Dale played the trout until its ferocious leaping and running subsided and he could muscle it to the surface at the side of the boat. I dutifully scooped the net toward the tail. The monster saw it and casually dove to the bottom. I think he must have seen landing nets before and knew they were not for him. This behavior--Dale muscling, I scooping, trout diving--repeated itself, I’d say, about 40 times.

Finally, frustrated by my feeble scooping and the trout’s endless dives, Dale said, “Just net the thing anyway you can,” and pulled the monster, head first, toward the net.

It went in about halfway before the treble hook caught the mesh and pulled out of the trout’s mouth. I raised the net to the surface and, to our horror, we saw that he had backed out of the trap and stretched himself across the frame of the net, which was about half his length. He balanced there a split second, relishing his victory no doubt, before giving a slight flip and diving once again and once and for all to the bottom.

Dale uttered a Christian swear word, “Sick!” That was all he said.

I went pale, trying to think of a suitable apology. But as you know, there are none for a disaster of such proportions.

Later, Bill tried to comfort me, pointing out that it was not entirely my fault. “After all, Dale told you to do it.” Thanks, Bill, nice try.

I never went fishing with Dale and Bill again. Soon after that memorable trip, Dale moved to Uruguay. Bill got very busy planting a thriving Assemblies of God church in Cochabamba and had only enough leisure time for fast-pitch softball.

I didn’t see Dale again, in fact, until some 20 years later when Barbara and I caught up to him and his wife in retirement in Oklahoma. They invited us to lunch at their favorite restaurant.

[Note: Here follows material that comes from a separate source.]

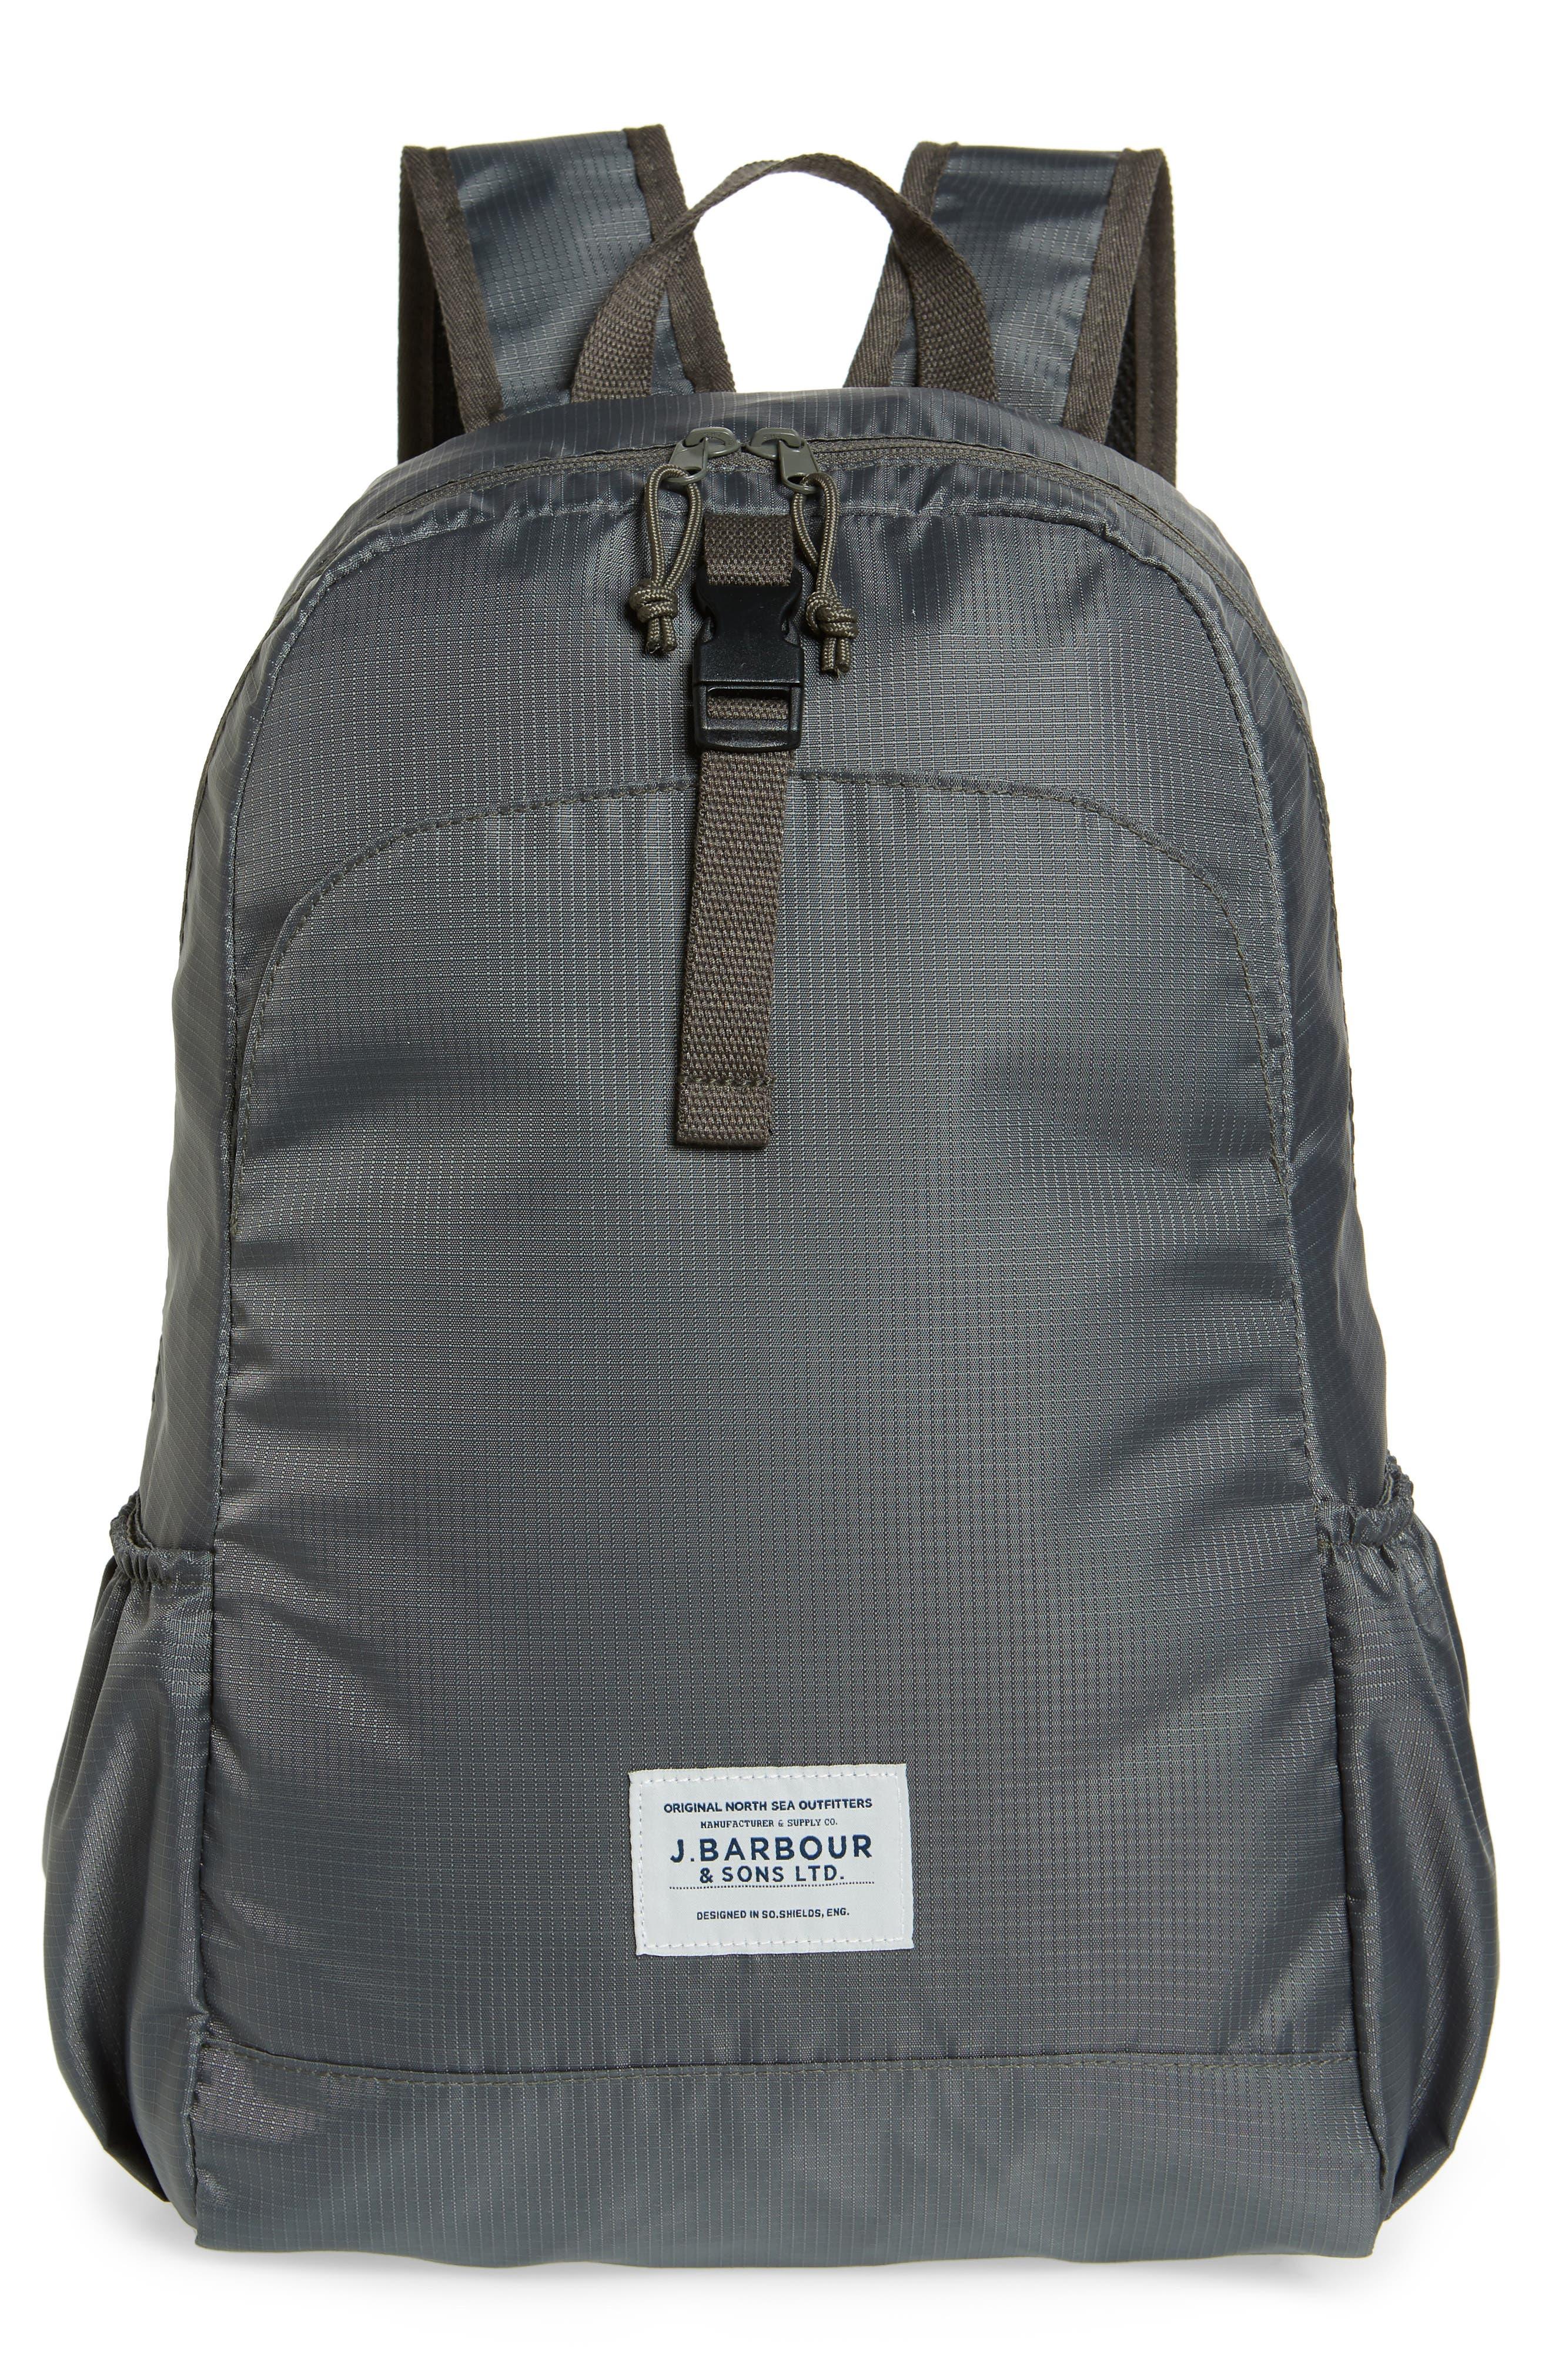 Barbour Kilburne Backpack - Green

It was great reminiscing about shared times in Bolivia and hearing about their church planting career in Uruguay. Lago Toro never came into the conversation until dessert. Then, I couldn’t take it any longer. My conscience was stinging. So I asked, “Remember the time we went fishing together?” earnestly hoping that Dale would not remember.

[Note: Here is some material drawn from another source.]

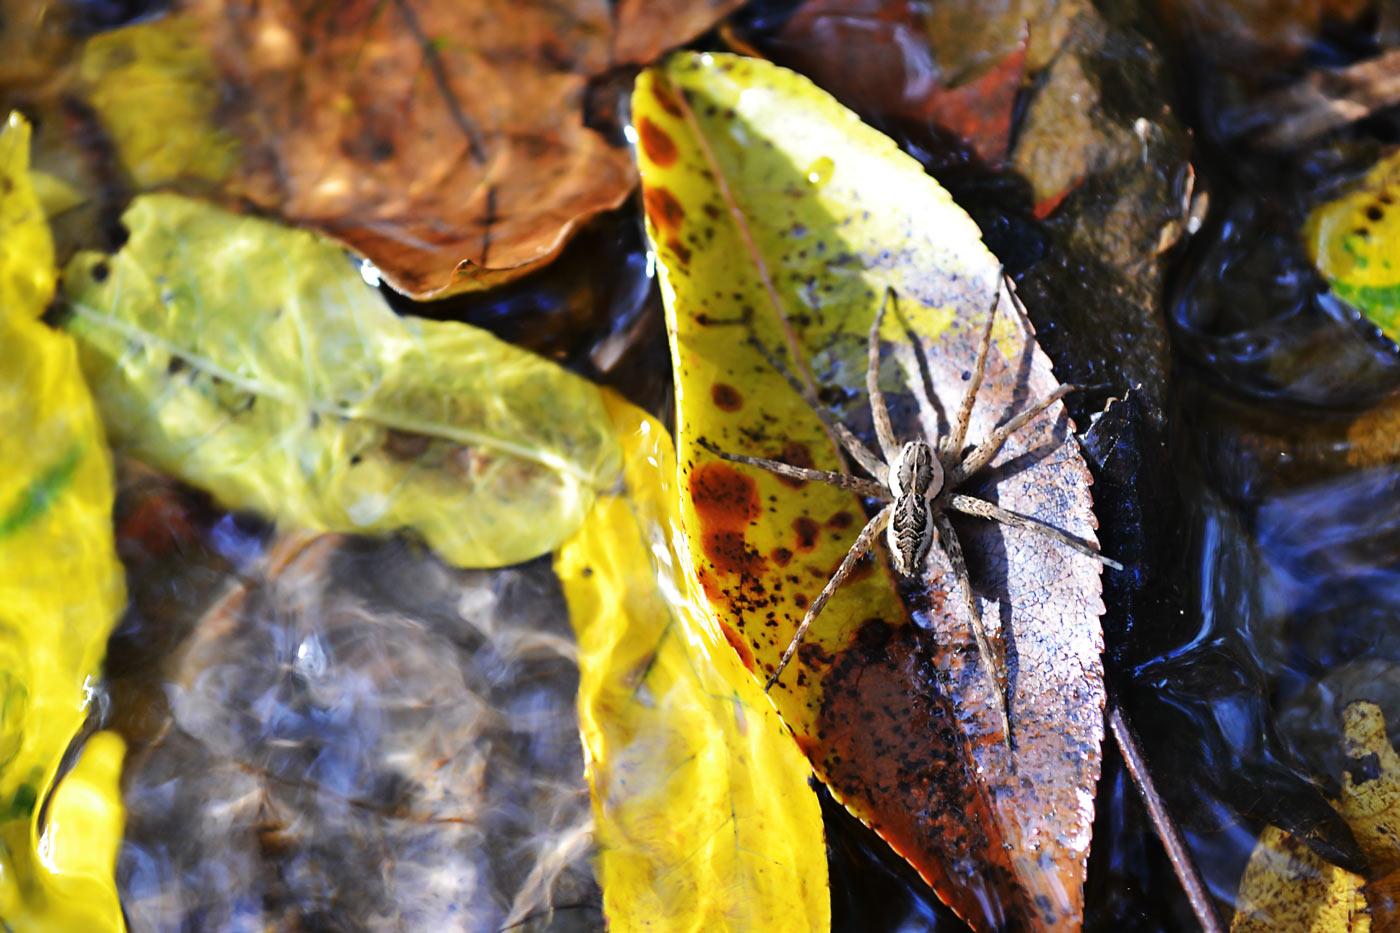 moist_spider.jpg

“Yes, I sure do,” he said, gazing steadily at me.

“Do you remember your monster fish, the one I tried to net and lost?” really hoping that by now he would not remember that.

“Yes,” he said, his steady gaze still fixed on me.

And that was it. Dale said no more, just smiled a wry smile as the picture crossed our minds of the huge rainbow diving lazily to the bottom of legendary Lago Toro.

That whole experience underscores a truth about fishermen: they are decent people. Fishermen share their stuff, give rookies a break, and endure cold, hunger and bad roads without complaint. They tolerate mistakes and, above all, they don’t hold grudges.

I can’t prove it, but I suspect these character traits are why Jesus made fishermen the core of his disciple group. He knew what they were made of. Of course, they were a reckless, thoughtless, easily frightened and prejudiced bunch to start with, but He could handle that because, frankly, aren’t we all?

One day the disciples asked Jesus how many times it was okay to forgive somebody. They already had an estimate  in mind. “Seven times? Don’t you think, Jesus, that’s a nice round figure for, um, letting someone off the hook?”

The disciples seemed to think Jesus would agree, perhaps because seven is the Bible’s perfect number.

Jesus smiled a wry smile. “No, not seven times,” he said. “Seventy times seven would be more like it.”

This kind of exchange happened all the time during the three years Jesus lived with these guys. It was part of His program for their transformation. His daily teaching and example and a powerful dose of the Holy Spirit molded these ordinary people into the effective task force Jesus needed to call men and women into the Kingdom of God.

They were just decent fishermen to start with, that day they first met Jesus. But by the time He was finished with them, they were legendary.